VIENNA - Dr. David Avery, medical director for the Mid-Ohio Valley Health Department and a private practice physician, had mixed reaction to the U.S. Supreme Court's 5-4 ruling Thursday. The court ruling upheld the constitutionality of the Affordable Care Act.
"I think the bill had some very good parts in it that were certainly worth keeping, like covering pre-existing conditions, and keeping children on policies and not discriminating and no annual limits, but there were also some very bad parts, the oversight provisions relating to the government I really dislike," Avery said.
"Some of the conditions that force people to have insurance - I think we need to encourage people to have insurance, but those provisions in the bill seemed a little heavy handed to me," he said.
Avery predicted the act will see revisions.
"It will probably see a lot of modification before it's done. There is too much division in people, and with a 5-4 Supreme Court decision, I think we are going to see some more changes," Avery said, noting it may go back to court or changes may be made through Congress. "The election may have an effect as well," he noted.
"There are really some parts of the bill that are worth keeping, some are really scary. I think more will come out, and as it does there may be more people against it. Congress may pick them up and there may be more interest in the courts. There are a lot of government oversights I don't think people realize are there yet, and that could become nasty," he said.

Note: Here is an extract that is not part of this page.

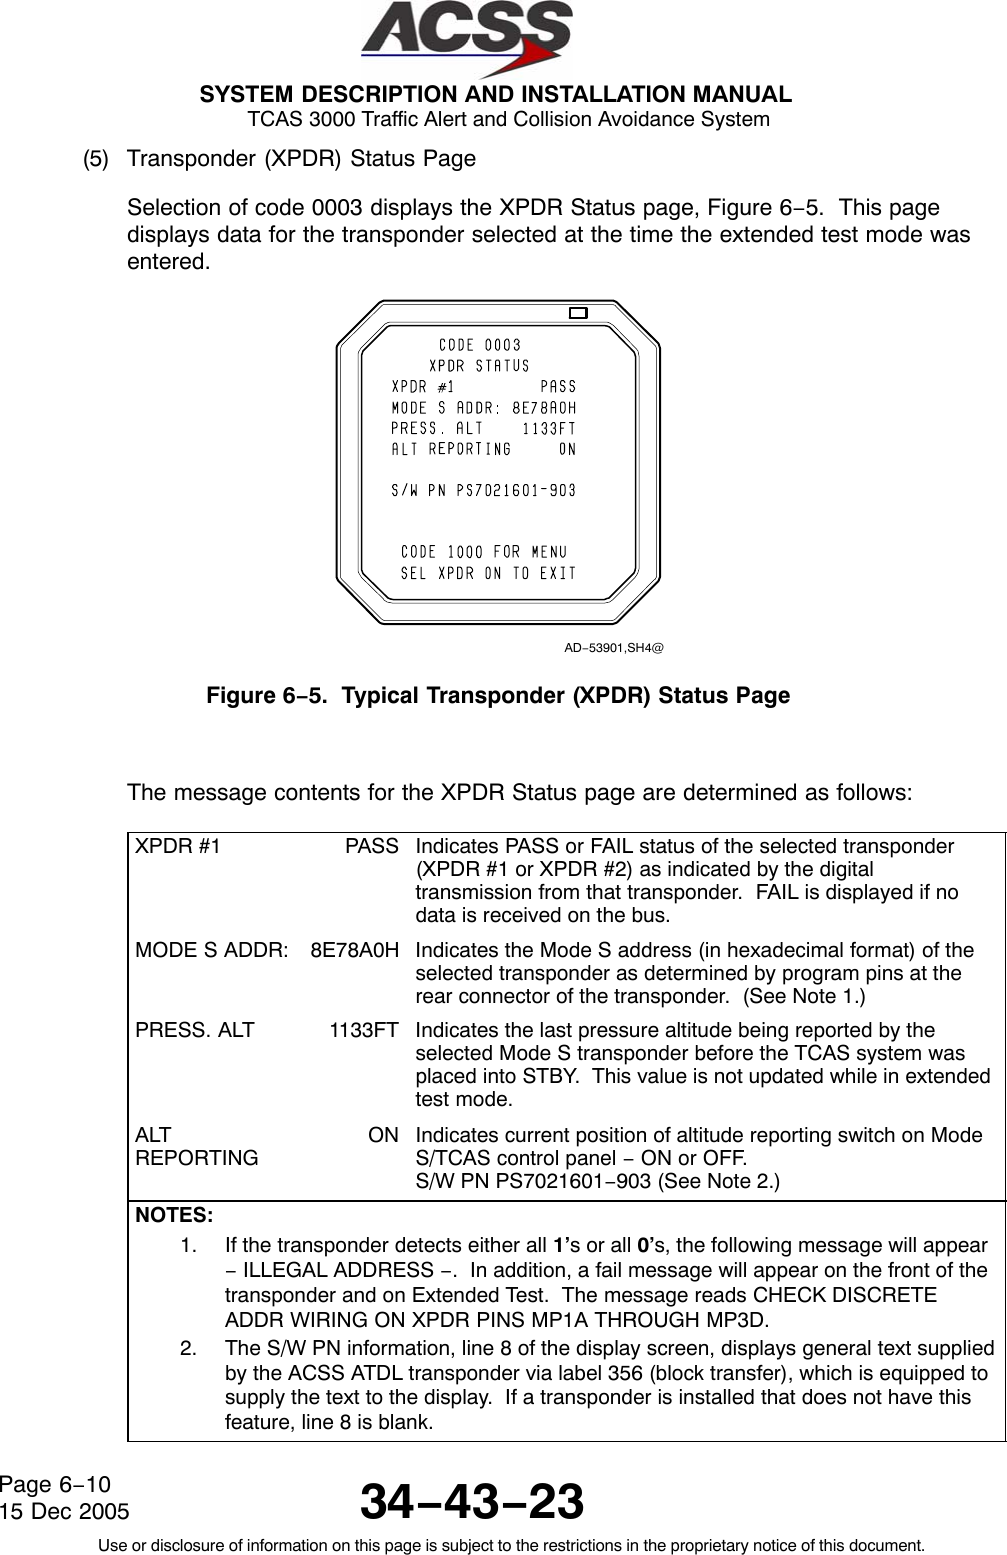  SYSTEM DESCRIPTION AND INSTALLATION MANUAL TCAS 3000 Traffic Alert and Collision Avoidance System34−43−23Use or disclosure of information on this page is subject to the restrictions in the proprietary notice of this document.Page 6−1015 Dec 2005(5) Transponder (XPDR) Status PageSelection of code 0003 displays the XPDR Status page, Figure 6−5.  This pagedisplays data for the transponder selected at the time the extended test mode wasentered.AD−53901,SH4@Figure 6−5.  Typical Transponder (XPDR) Status PageThe message contents for the XPDR Status page are determined as follows:XPDR #1 PASS Indicates PASS or FAIL status of the selected transponder(XPDR #1 or XPDR #2) as indicated by the digitaltransmission from that transponder.  FAIL is displayed if nodata is received on the bus.MODE S ADDR: 8E78A0H Indicates the Mode S address (in hexadecimal format) of theselected transponder as determined by program pins at therear connector of the transponder.  (See Note 1.)PRESS. ALT 1133FT Indicates the last pressure altitude being reported by theselected Mode S transponder before the TCAS system wasplaced into STBY.  This value is not updated while in extendedtest mode.ALTREPORTINGON Indicates current position of altitude reporting switch on ModeS/TCAS control panel − ON or OFF.S/W PN PS7021601−903 (See Note 2.)NOTES:1. If the transponder detects either all 1’s or all 0’s, the following message will appear− ILLEGAL ADDRESS −.  In addition, a fail message will appear on the front of thetransponder and on Extended Test.  The message reads CHECK DISCRETEADDR WIRING ON XPDR PINS MP1A THROUGH MP3D.2. The S/W PN information, line 8 of the display screen, displays general text suppliedby the ACSS ATDL transponder via label 356 (block transfer), which is equipped tosupply the text to the display.  If a transponder is installed that does not have thisfeature, line 8 is blank.

Avery is a past board member of the American Academy for Family Physicians. The AAFP has about 100,000 members. Avery said the organization has been involved in some lobbying efforts.
"I think overall the reform was a place to get started, to work from, we have to start somewhere. The system as it was unfair for a long time, not covering pre-existing problems and other issues, and what was put forth is a starting point. But I don't think this will go into effect as it is, I think we will see some more changes, at least I hope we do," Avery said.
Officials with Families USA, a national nonprofit organization for health care consumers, heralded the court ruling in a press release as a "clear, unambiguous and complete victory for long-overdue health care reform."
"No one will be denied health coverage or charged a discriminatory premium due to a pre-existing condition, such as children with asthma or diabetes," said Ron Pollack, executive director for the non-partisan organization.
"People with major health problems, like those in car accidents, will be protected against arbitrary lifetime or annual limits in how much insurance companies will pay for needed care; young adults can stay in their parents' health plans until they turn 26; tens of millions of uninsured people will gain health care coverage; seniors will receive significant Medicare improvements, such as preventive care with no deductibles or co-pays, and the big prescription drug coverage gap will close; women will no longer be charged discriminatory premiums, and moderate- and middle-income families will receive tax-credit subsidies so that insurance premiums are affordable," Pollack said.
"It has taken close to a century to enact meaningful health care reform. Now that the Supreme Court has upheld the law, it will become a living reality for all Americans very soon," he said.